# Round Three: Brahms Die Mainacht. Kipnis, Norman, Onegin



## Seattleoperafan (Mar 24, 2013)

We are, I think, going out with a bang. You can pick more than one if you are torn.




Die Mainacht · Gerald Moore · Alexander Kipnis Alexander Kipnis sings Brahms & Wolf 




Brahms: 4 Lieder, Op. 43 - 2. Die Mainacht - Wann der silberne Mond · Jessye Norman · Geoffrey Parsons 




4 Songs, Op. 43: No. 2, Die Mainacht (Recorded 1919) · Sigrid Onegin · Johannes Brahms Sigrid Onegin Vol. 1


----------



## BBSVK (10 mo ago)

Alexander Kipnis looks cute on the photo and had a deep voice which I like, but a just a few seconds of Jessie Norman felt like a different level, so I forgot about him. Sigrid Onegin was a serious competition, but, I just like Jessie Norman best. She gets the most out of this song and with her I finally really like it.


----------



## MAS (Apr 15, 2015)

😎😎😎😎😎😎😎😎😎😎😎


----------



## MAS (Apr 15, 2015)

I am not fond of listening to lower male voices excessively, so _lieder _with Kipnis is out. Onegin has a lovely voice, but Norman seems more interesting vocally.


----------



## Woodduck (Mar 17, 2014)

*Die Mainacht*
Ludwig Christoph Heinrich Hölty
_Wann der silberne Mond durch die Gesträuche blinkt,
Und sein schlummerndes Licht über den Rasen streut,
Und die Nachtigall flötet,
Wandl’ ich traurig von Busch zu Busch.
Überhüllet vom Laub, girret ein Taubenpaar
Sein Entzücken mir vor; aber ich wende mich,
Suche dunklere Schatten,
Und die einsame Träne rinnt.
Wann, o lächelndes Bild, welches wie Morgenrot
Durch die Seele mir strahlt, find’ ich auf Erden dich?
Und die einsame Träne
Bebt mir heißer die Wang’ herab._
*May Night*
English Translation © Richard Stokes
*When the silvery moon gleams through the bushes,
And sheds its slumbering light on the grass,
And the nightingale is fluting,
I wander sadly from bush to bush.
Covered by leaves, a pair of doves
Coo to me their ecstasy; but I turn away,
Seek darker shadows,
And the lonely tear flows down.
When, O smiling vision, that shines through my soul
Like the red of dawn, shall I find you here on earth?
And the lonely tear
Quivers more ardently down my cheek.*

I'm doubtful that it's really a good idea, on musical grounds, for basses to sing songs written by master composers for treble voices, even if they're Alexander Kipnis, one of the greatest of basses. It's a distortion of the harmonic voicing, and also, potentially, of the mood of the piece. Nevertheless, Kipnis employs his superb instrument with sensitivity and finesse, disappointing only in a touch of pitch insecurity in the final phrase. I had to listen twice to adjust to the bass voice, and I'm glad I did. Whether his is the right voice for it or not, I think he presents the song beautifully. 

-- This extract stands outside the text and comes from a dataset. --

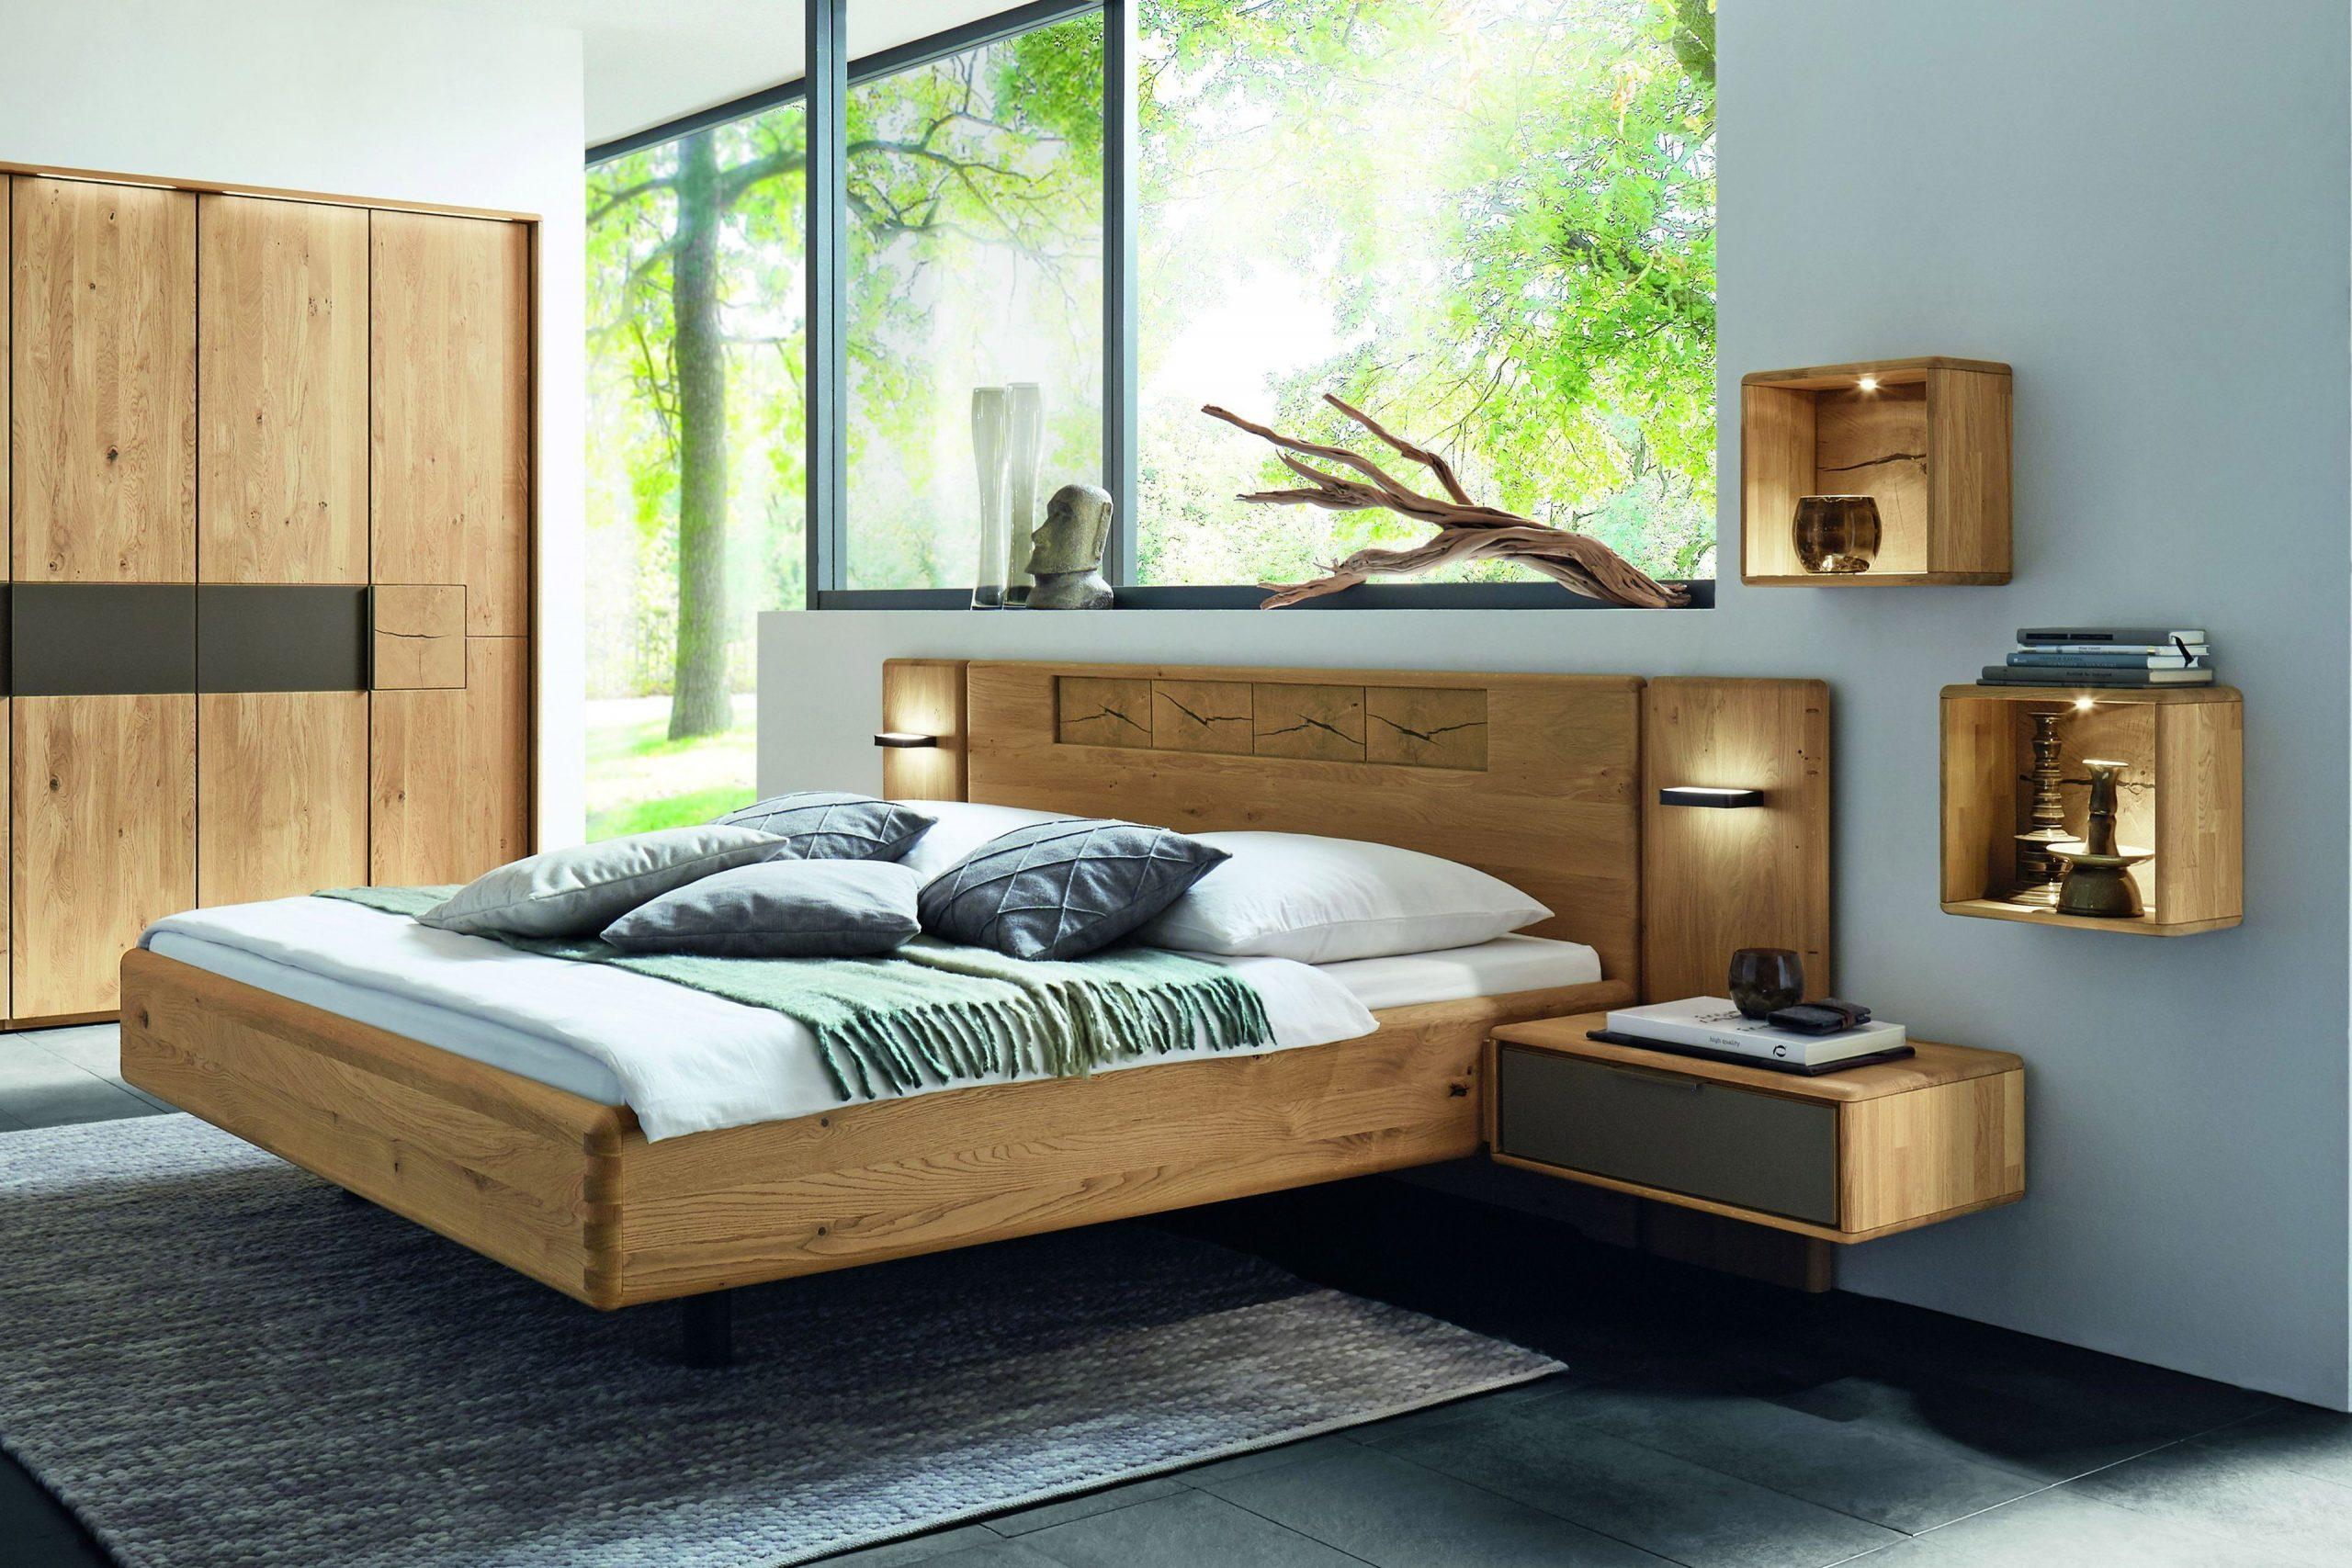 Full Size of Schlafzimmer Massivholz Komplett Wohnzimmer Holzmbel Teppich Landhaus Massivholzküche Deckenleuchte Bett 160x200 Stuhl Deckenleuchten Set Mit Matratze Und Schlafzimmer Schlafzimmer Komplett Massivholz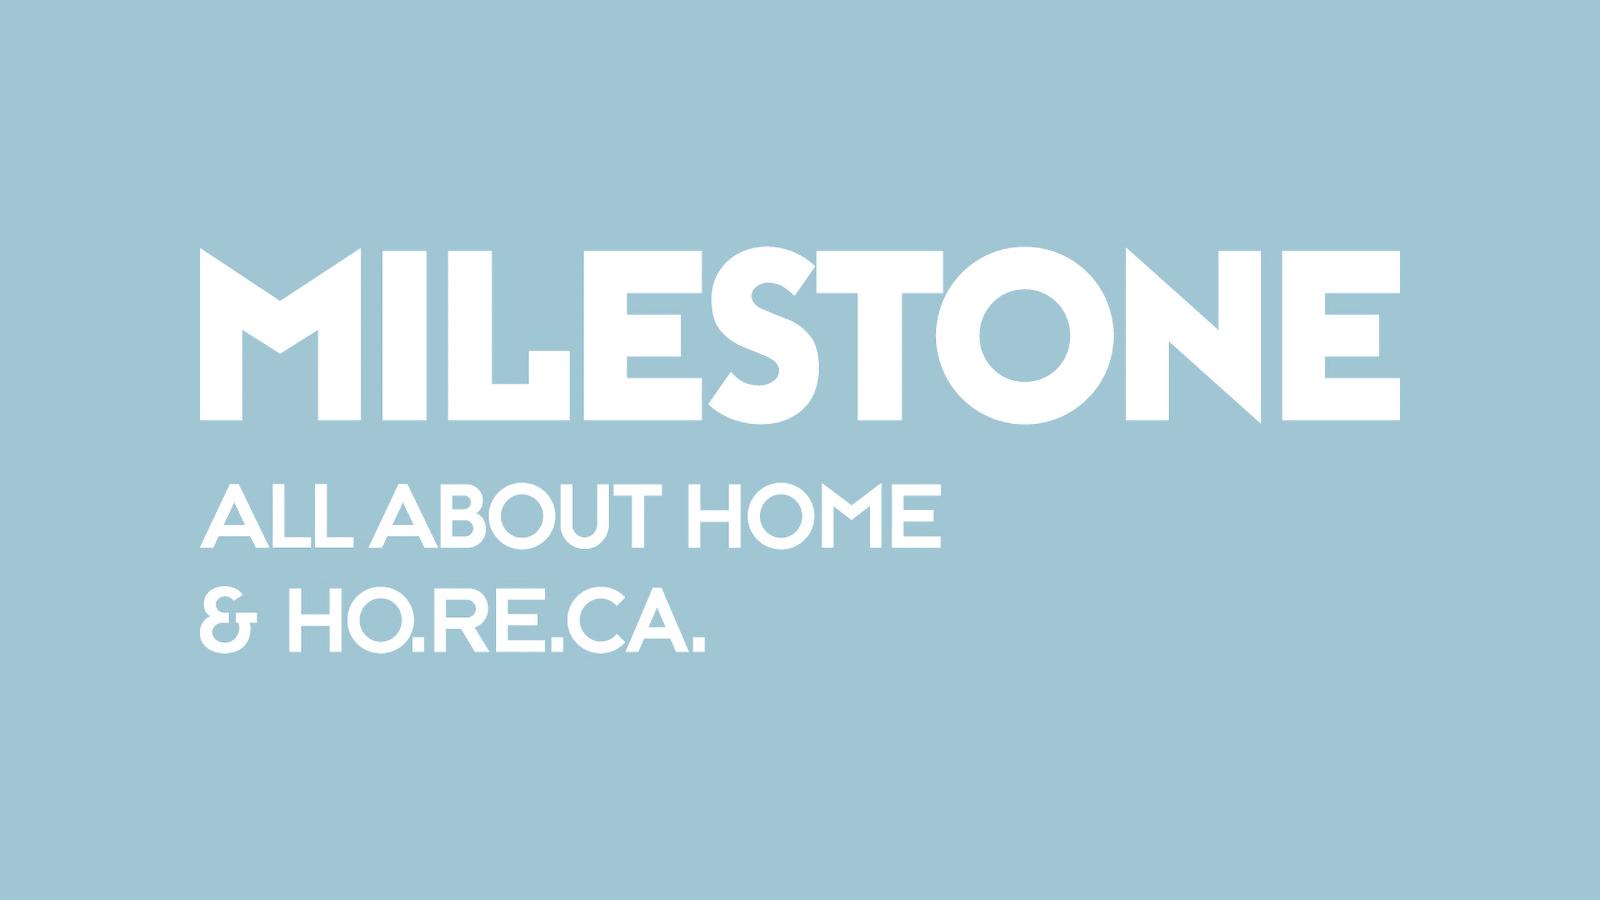 Milestone white logotype

Sigrid Onegin's steady, rich, smooth, warm, liquid, legato vocalism is always a great pleasure to hear. She's virtually a human incarnation of the viola, that favorite instrument of Brahms. She's restrained in her interpretation of the poem, though not insensitive to it. Her way is perhaps at the opposite pole from the more "literary," word-centered approach to Lieder singing, effective in projecting more of an overall mood through the sheer beauty of the sung tone (which doesn't necessarily imply blandness or dullness).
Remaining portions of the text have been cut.